It’s an emotional moment for Edith, who hasn’t been inside the 23-room boarding house in nearly two decades. “Oh my goodness,” she repeats in awe as she looks around and points out where things used to be, the changes that have occurred, and the fixtures that remain intact. “This is where my mom used to ring the bell to call the men for breakfast, lunch, and dinner,” Edith explains, standing in the dimly lit hallway of the house.
In the first three decades of the 20th century, boarding houses like this one existed as a refuge for waves of Japanese immigrants in Los Angeles, housing mostly men who worked as gardeners, laborers, and farmers, and needed an affordable place to live where they could speak their language. After WWII, this type of housing helped the community get back on its feet as people returned from internment camps. The families who owned these properties often lived on-site where women took on a significant role in cooking meals and maintaining the boarding houses. Today, only five of these kinds of properties still stand in Los Angeles, but the one on 564 Virgil Avenue is the only one left that continues to operate as a boarding house to this day, according to Lindsay Mulcahy, a community member and neighborhood outreach coordinator for the LA Conservancy, who spearheaded a recent historic cultural monument nomination for both houses.

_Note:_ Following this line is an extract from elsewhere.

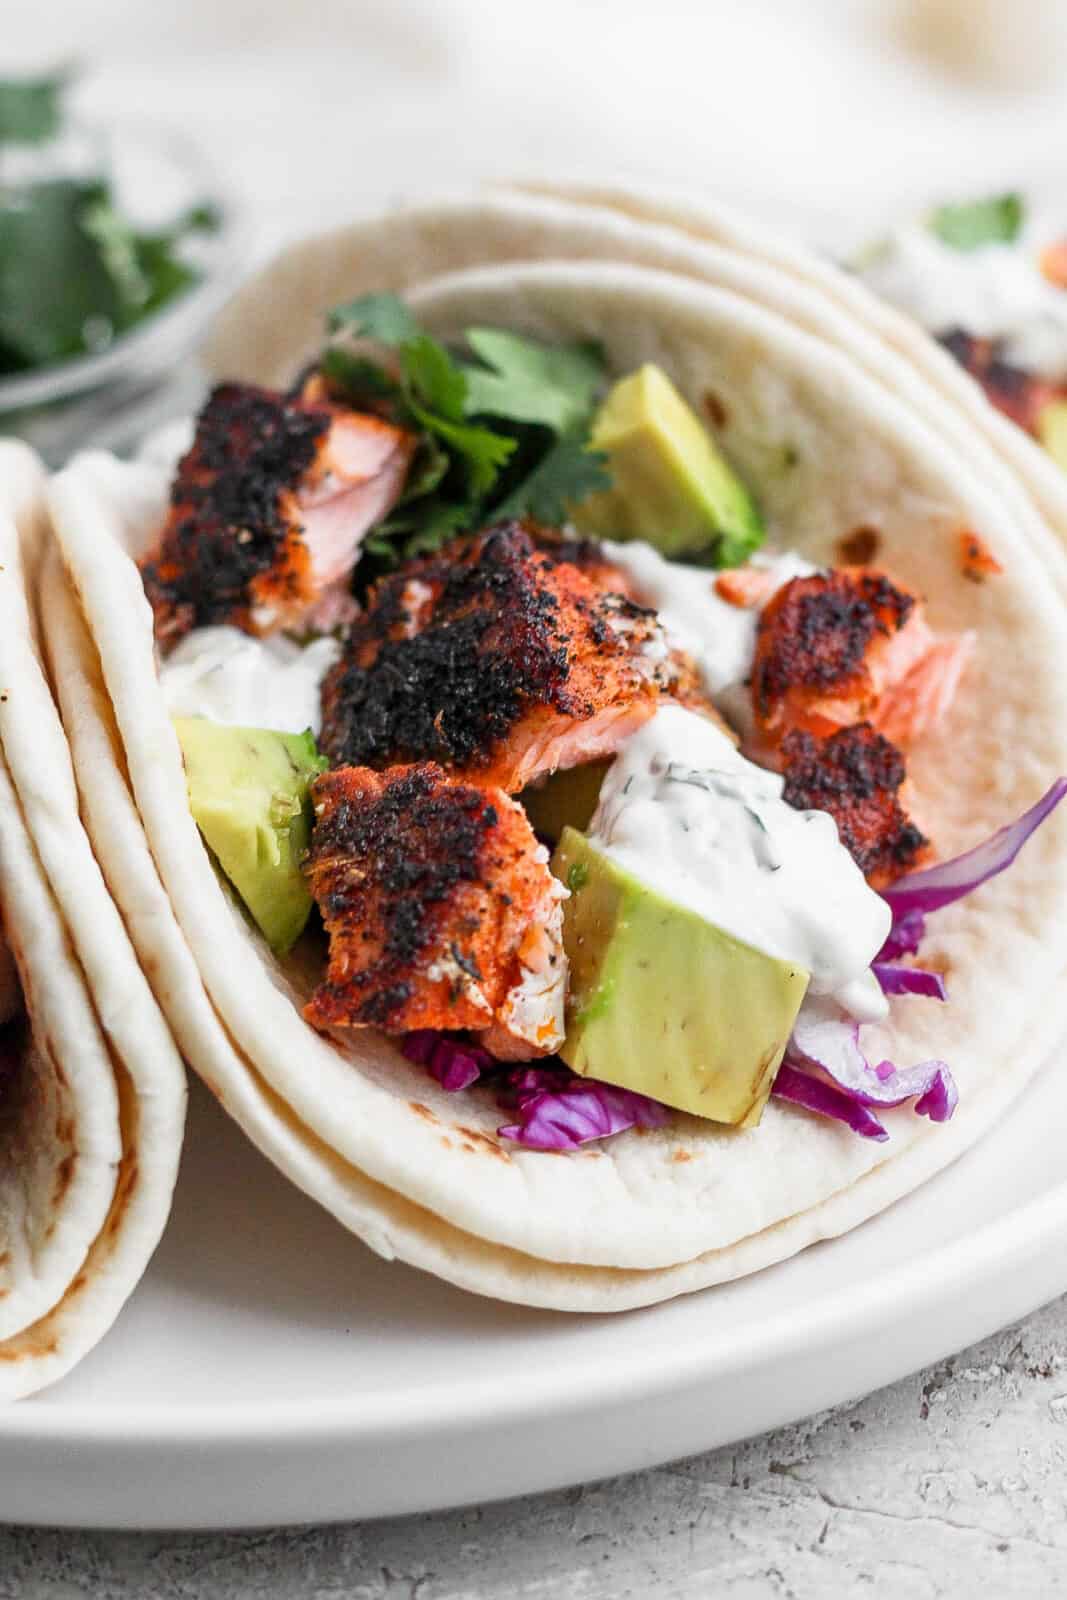 A close-up view of a blackened salmon taco with cilantro lime crema.

Edith’s mother, Shizuka Ozawa and her aunt Doris, took over running the day to day operations of the boarding houses from her mother-in-law who built the multi-unit dwelling in 1924 to house single Japanese laborers. Every day, Ozawa cooked meals for the men, cleaned, and helped them settle into a new country as comfortably as possible. Edith remembers as a little girl having to help her mother prepare both Japanese and American lunches for the men before going out to play.
By the 1960s, the Ozawas owned multiple properties in the Japanese enclave known as Madison/J-Flats, just south of Virgil Village in East Hollywood. The two boarding houses located at 564 and 560 N Virgil Avenue sat on the same property as their two family homes on Commonwealth Avenue, just one street east of Virgil Avenue.
Back then, there were no fences separating these properties, which created a sense of community for the family, the boarders, and the children from the neighborhood who came to play in the backyards amongst fruit trees, grape vines, and a koi pond.
“I don’t remember it ever being empty,” Edith explains. “It was a refuge for many people.”
Today, the neighborhood has changed greatly but the two boarding houses remain intact, and are now protected due to a historic-cultural monument designation that passed in June.
Perhaps most significant is that the 564 building continues to serve as a boarding house for single, elderly Japanese men who’ve lived there for decades. While the historic-cultural designation protects the structures and ensures their survival, it does not protect the seven long-term tenants who, according to a coalition fighting to protect their right to stay, have faced harmful living conditions and a push to move out from a new owner who bought the properties in February 2021 from the Matayoshi’s, the final Japanese family to own the boarding houses.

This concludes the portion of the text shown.